In other words, we want to minimize the following:

\frac{\lambda }{2}\left [ (\theta ^{(5)}_{1})^{2}+ (\theta ^{(5)}_{2})^{2}\right ]

And you'll end up with \theta ^{(5)}=\begin{bmatrix} 0\\ 0 \end{bmatrix}.

Then, when we go to predict how user 5, Eve, would rate any movie, we have that (\theta ^{(5)})^{T}x^{(i)}= 0 all the time. Eve will go to predict every single movie with zero stars. But if you look at different movies, some people do like some movies. It seems kind of not useful to just predict that Eve is going to rate everything 0 stars. And in fact if we're predicting that Eve is going to rate everything 0 stars, we also don't have any good way of recommending any movies to her.

Mean normalization

Figure-2

The idea of mean normalization will let us fix above problem.

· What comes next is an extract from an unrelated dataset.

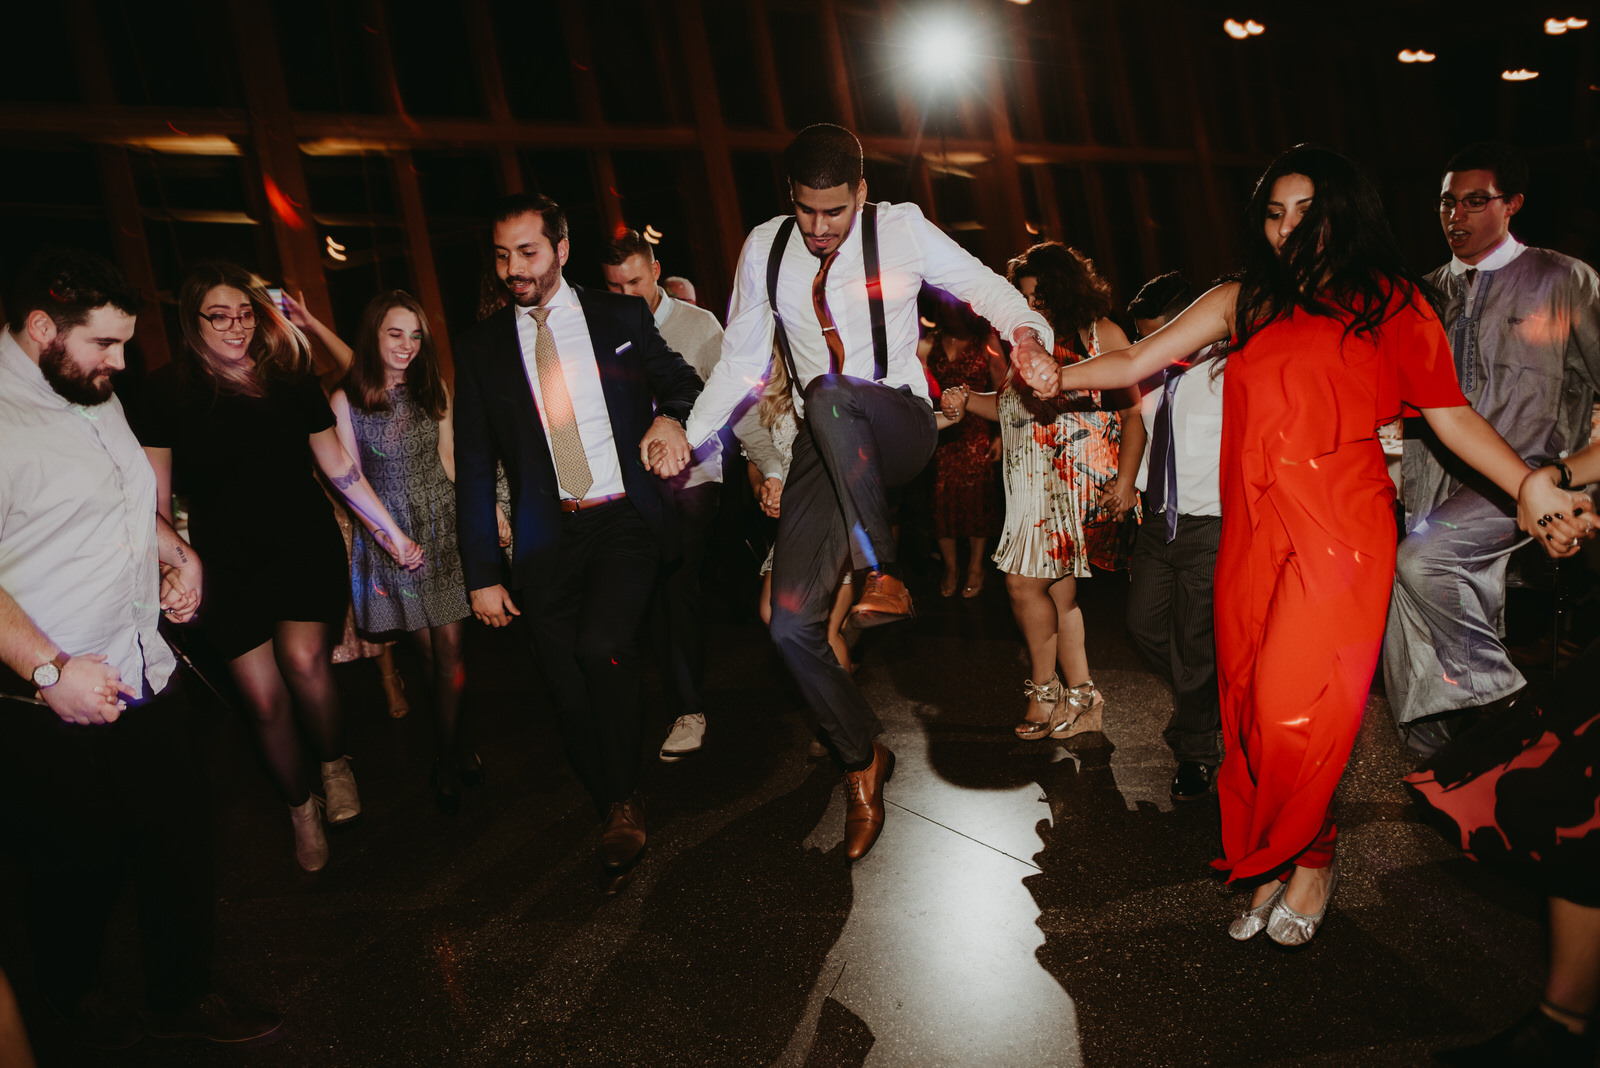 Crazy egyptian dance party, Bissell tree house Michigan, moody photography, Chicago wedding photography - The Adamkovi
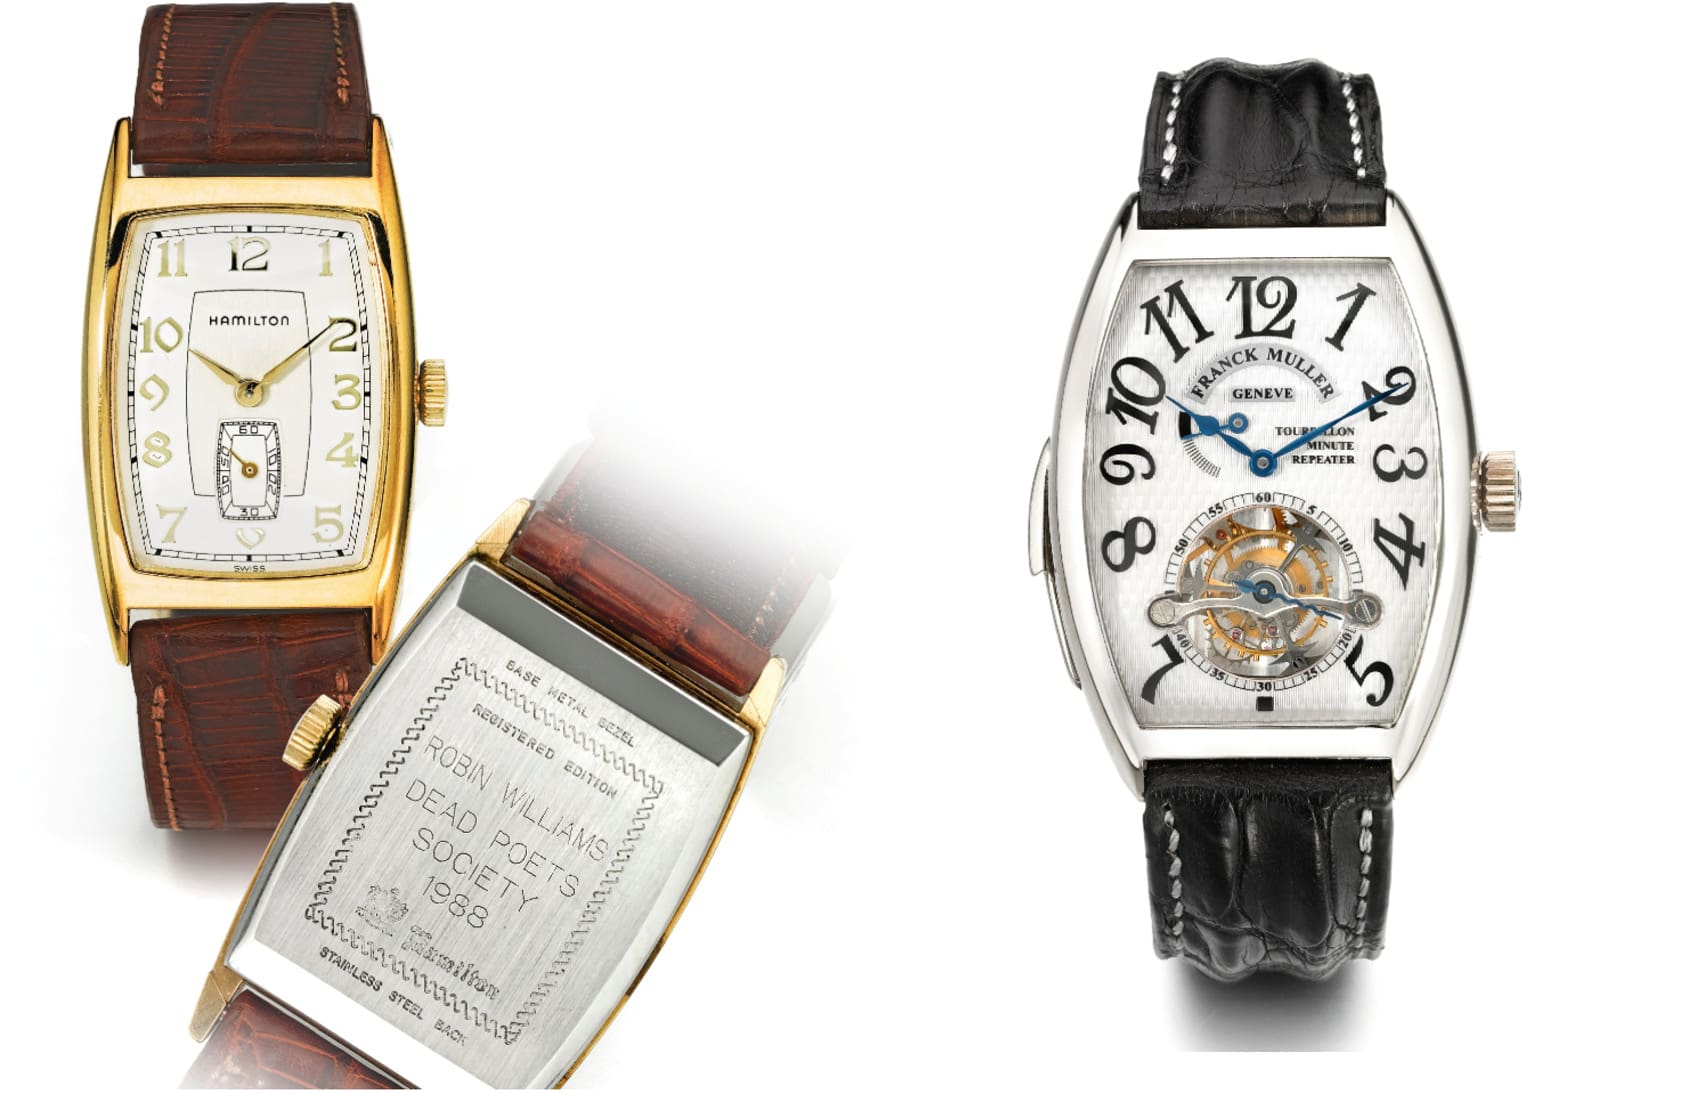 NEWS: All watches sell at Sotheby’s auction of Robin Williams’ collection

Firstly, we still need group all the ratings into the matrix Y as in figure-2. To perform mean normalization:

  1. To compute the average rating of each movie and store that in a vector \mu\in \mathbb{R}^{n_{m}} (n_{m} is number of movies)
  2. For all the movie ratings, subtract from each row the average rating for that movie and form a new rating matrix still call it Y.
    Note: by this, I'm just normalizing each movie to have an average rating of 0.  And the question marks are still question marks
  3. Take the new set of ratings in new matrix Y, and use it with the Collaborative filtering algorithm to learn the parameters \theta ^{(j)} and features x^{(i)}
  4. Then for user j, movie i, I'm going to predict the rating as (\theta ^{(j)})^{T}x^{(i)}+\mu _{i}

Then, specifically for user 5 which is Eve, the same argument as the previous discussion still applies in the sense that Eve had not rated any movies and so the learned parameter \theta ^{(5)}=\begin{bmatrix} 0\\ 0 \end{bmatrix}. So what we'll get then is, for particular movie i, we're going to predict for Eve:

(\theta ^{(5)})^{T}x^{(i)}+\mu _{i}=\mu _{i}

Then predicted ratings for all the movies by Eve will be:

\mu =\begin{bmatrix} 2.5\\ 2.5\\ 2\\ 2.25\\ 1.25 \end{bmatrix}

This actually makes sense, because it says that if Eve hadn't rated any movies, and we don't know anything about this new user Eve. Then what we're going to do is just predict for each of movies what are the average rating that those movie got.

Side notes:

In case you have some movies with no ratings, so it is analogous to a user who hasn't rated anything. You can also play with other versions of this algorithm where you normalize the different columns to have means zero. But it's less important because if you really have a movie with no ratings, maybe you just shouldn't recommend that movie to anyone.